当前位置:主页 > 科技论文 > 自动化论文 >

双权重随机森林预测算法及其并行化研究

发布时间:2018-12-21 20:03
【摘要】:随着科技的发展,大数据时代已经来临,在大数据时代,数据呈现爆炸式的增长。大数据给传统的机器学习方法带来很大的挑战,随机森林算法由于其良好的表现受到各界广泛关注。由于大数据的海量、复杂多样、变化快的特性,大数据带来两个问题:一个是机器学习算法运行时间长,不能在可接受的时间内提供结果。二是:数据维度高,冗余大,传统的随机森林回归算法没法得到理想的效果。为了解决这些问题,本课题对传统随机森林回归的改进及其并行化展开了研究。针对数据维度高,冗余大,传统的随机森林回归算法没法取得理想的效果这一问题,有文献提出改进传统随机森林算法中随机抽取特征为带权重的特征抽取。
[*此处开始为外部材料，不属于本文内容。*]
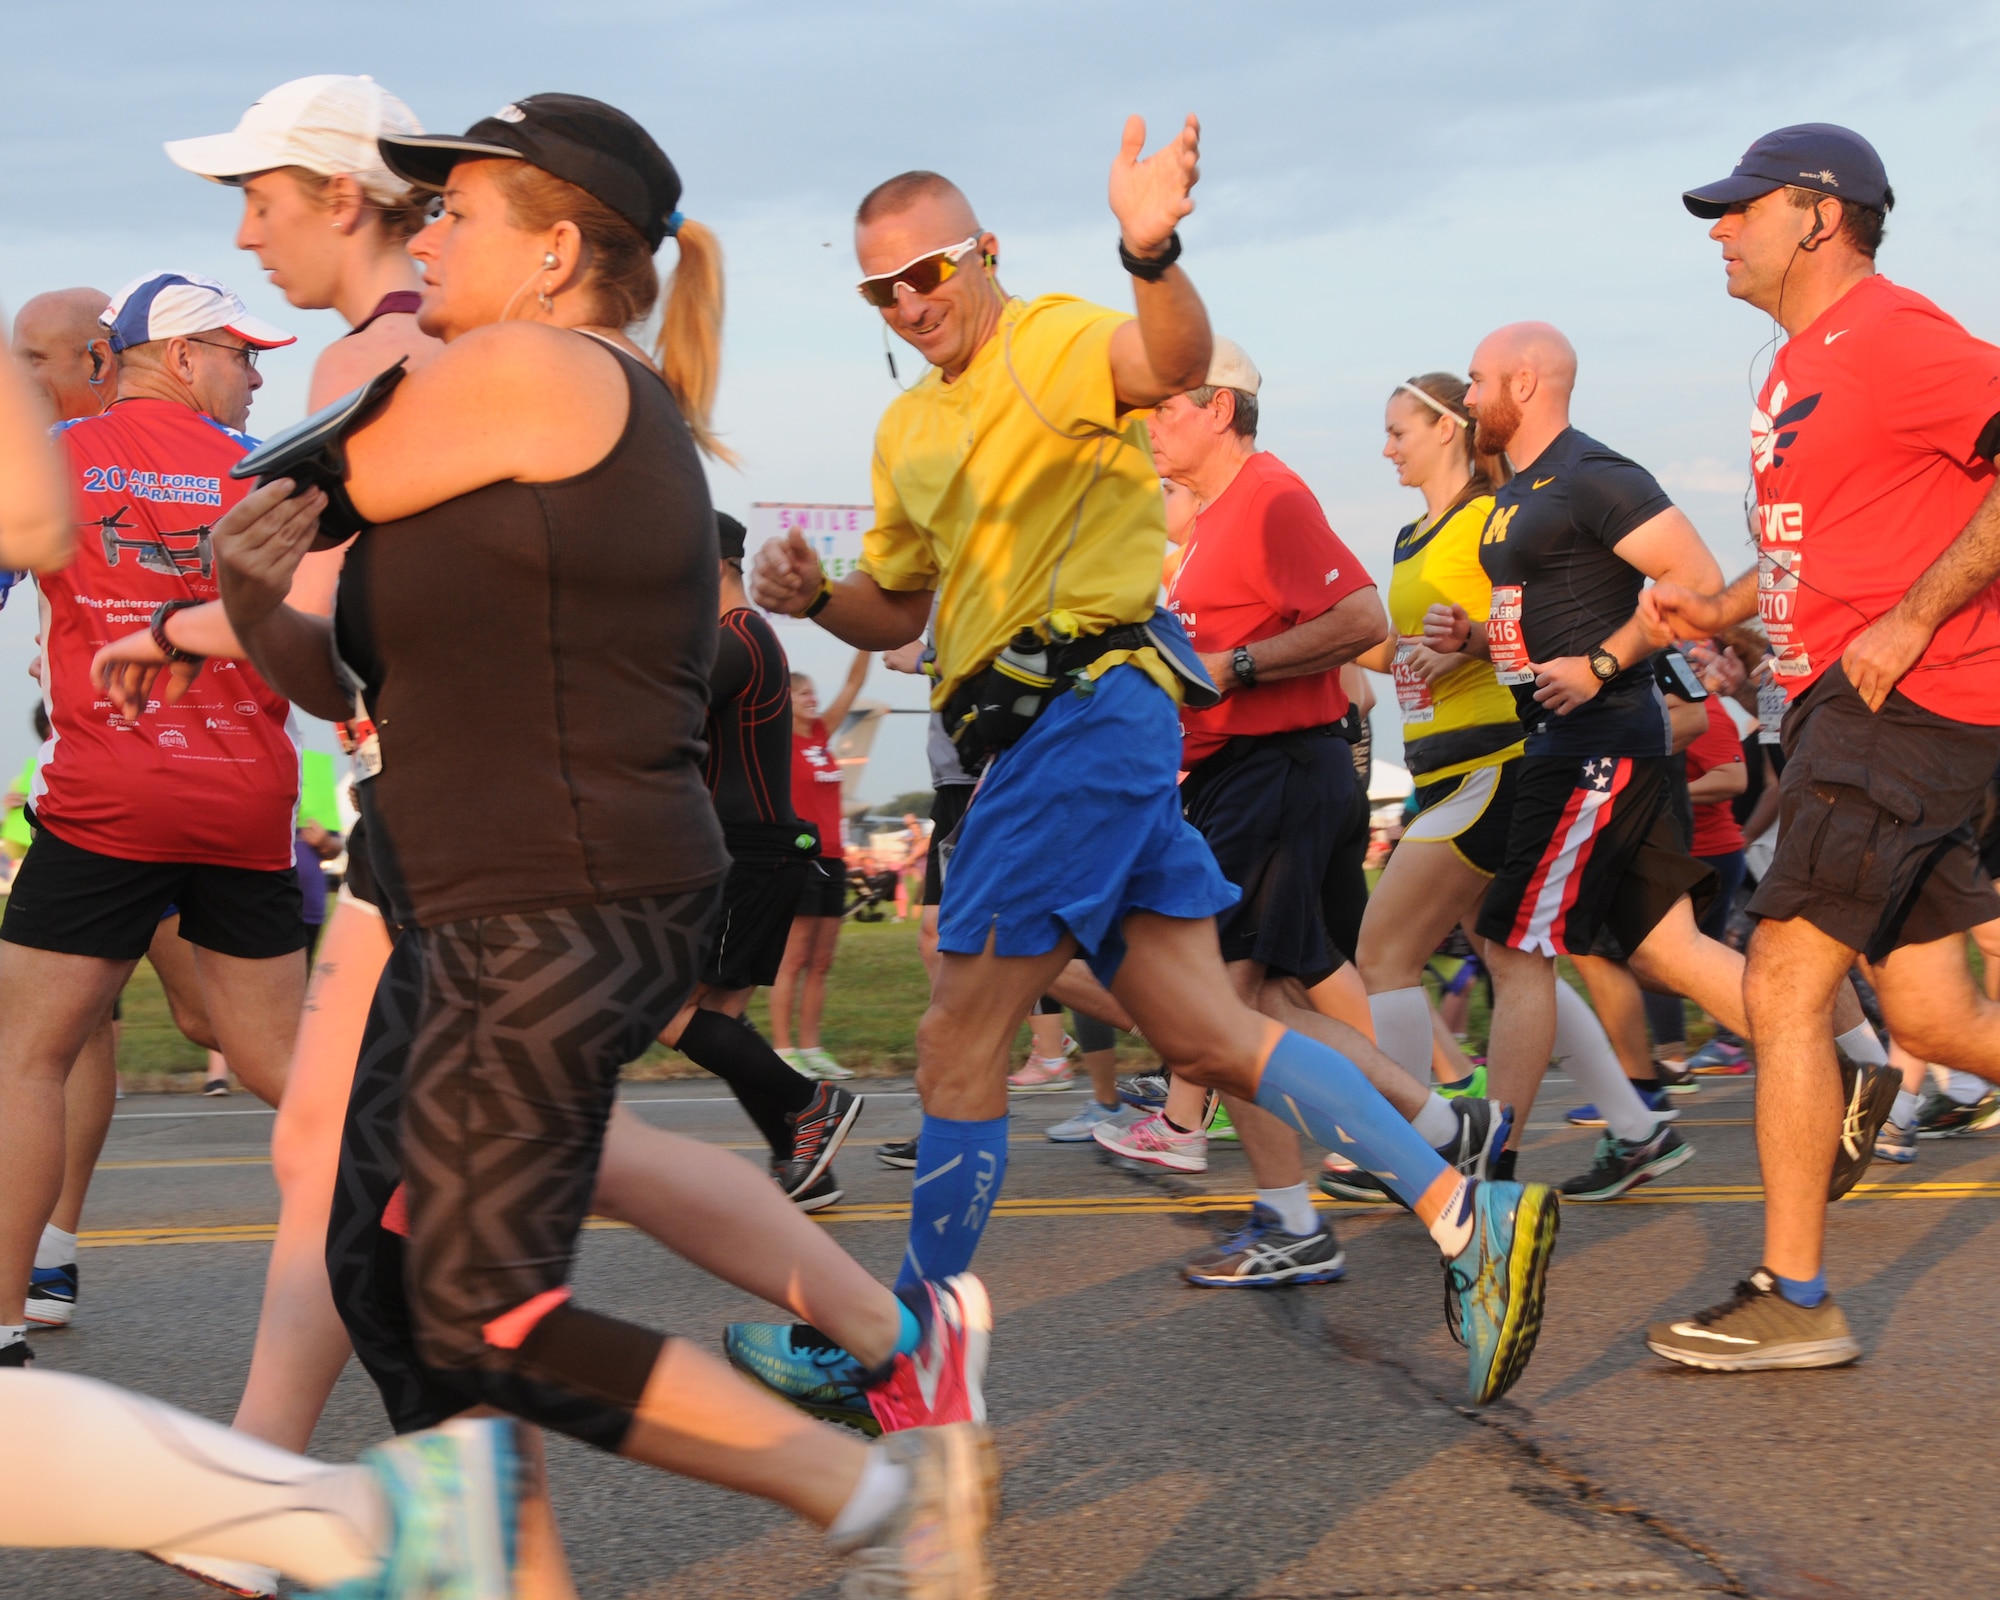 Maj. Michael Loy, center, Montana Air National Guard member,  waves from the start of the 20th anniversary U. S. Air Force Marathon at Wright-Patterson Air Force Base, Ohio, Sept. 17, 2016. Loy coordinated a team from the Montana National Guard and Malmstrom Air Force Base to participate in the event. (U.S. Air National Guard photo/Staff Sgt. Lindsey Soulsby)
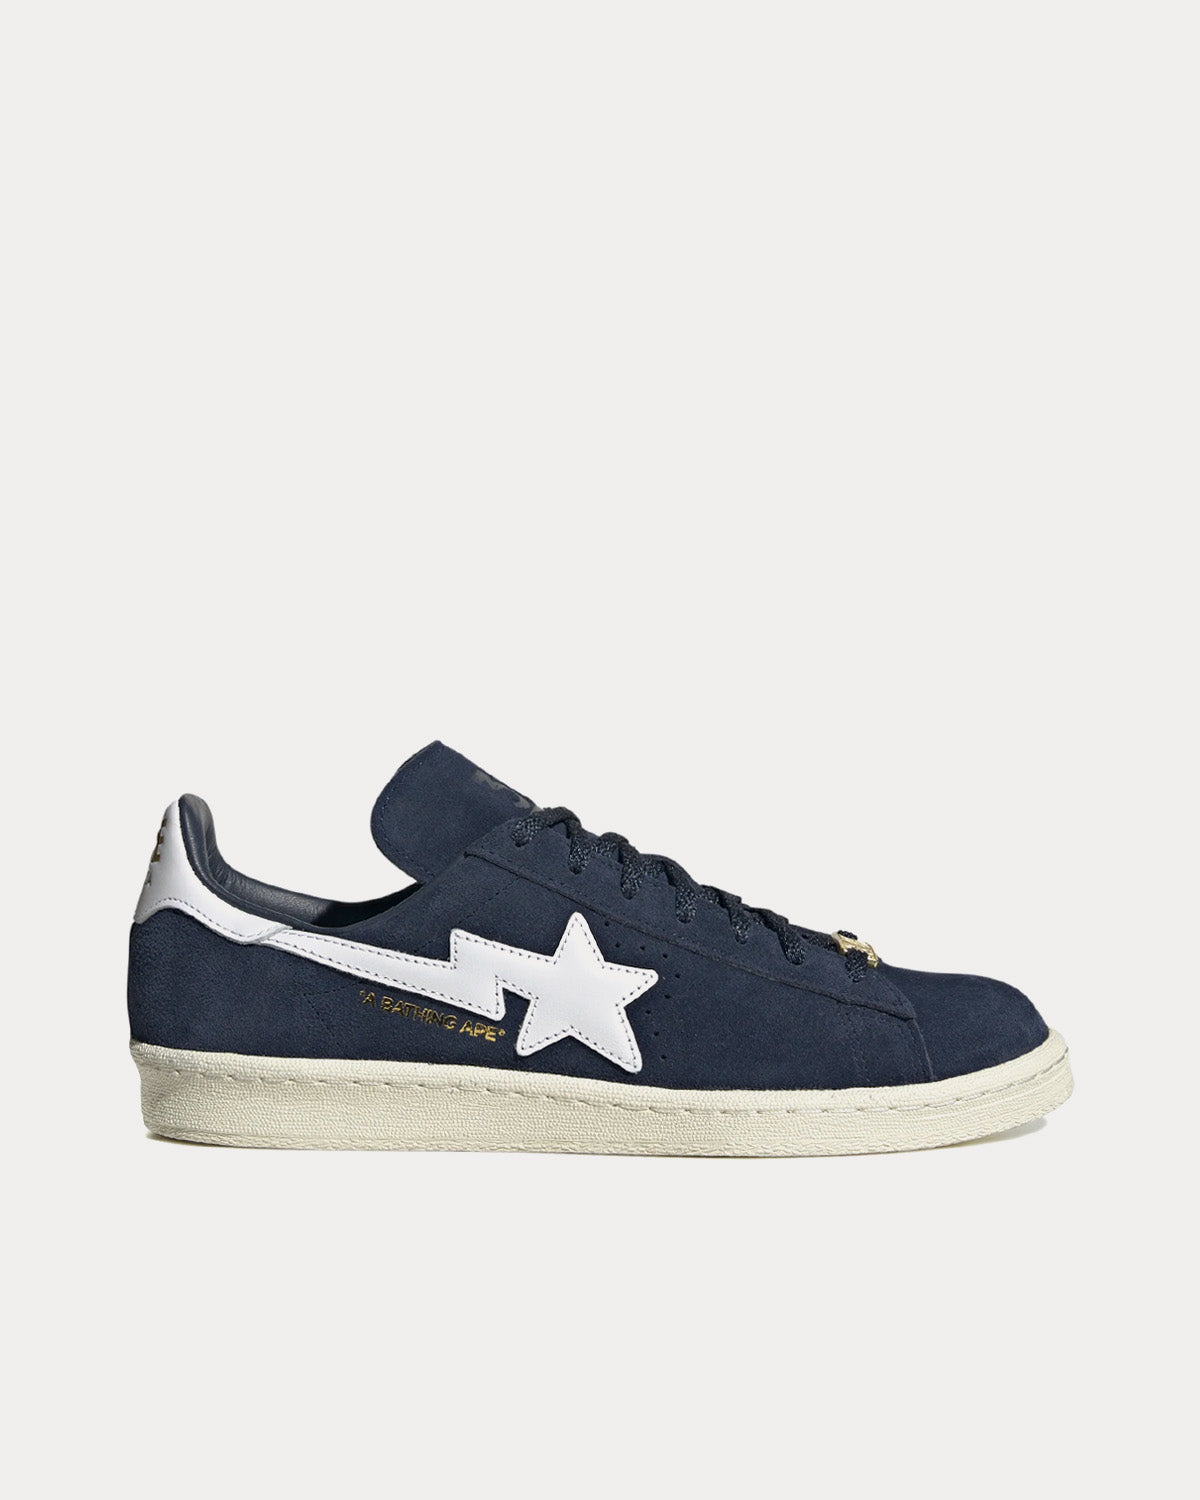 Campus 80s Collegiate Navy / Cloud White / Off-White Low Top Sneakers

但是我们通过分析发现:大多数的相关研究都是针对分类问题,对于回归问题鲜有讨论,而很多针对分类的方法并不能直接应用到回归问题上;并且对特征权重衡量的方法,几乎都默认特征之间是独立的,但是在现实环境中,往往不是这样的。所以本课题针对回归问题采用了一种能将特征之间关系考虑在内的特征权重衡量算法,并且使用了两种方法进行特征抽取。同时我们进一步分析发现:将随机抽取特征改为带权重的特征抽取虽然提高了分类回归树模型的精度,但是同时增大了树模型之间的相关性,树模型之间的多样性减小,进而有可能影响随机森林回归算法整体的表现。针对这些问题,本文提出了一种双权重随机森林回归算法,除了给特征加权重以提高分类回归树的精度,同时对生成的分类回归树模型加权重,以期通过双权重的方法兼顾分类回归树的精度和多样性,以改善随机森林回归算法最终的预测性能。为了解决给分类回归树模型加权重的问题,本课题提出了两种新的能兼顾模型树精度和模型树之间多样性的模型权重计算方法:有放回的向前搜索的方法和基于多样性计算的方法。本文将这两种模型权重计算方法与两种特征抽取方法两两组合成四种双权重随机森林回归算法,并通过实验分析效果。针对大数据环境下,机器学习算法运行时间长,不能在可接受的时间内提供结果的问题,本文对双权重随机森林回归算法进行并行化设计与实现并通过实验分析并行化效果。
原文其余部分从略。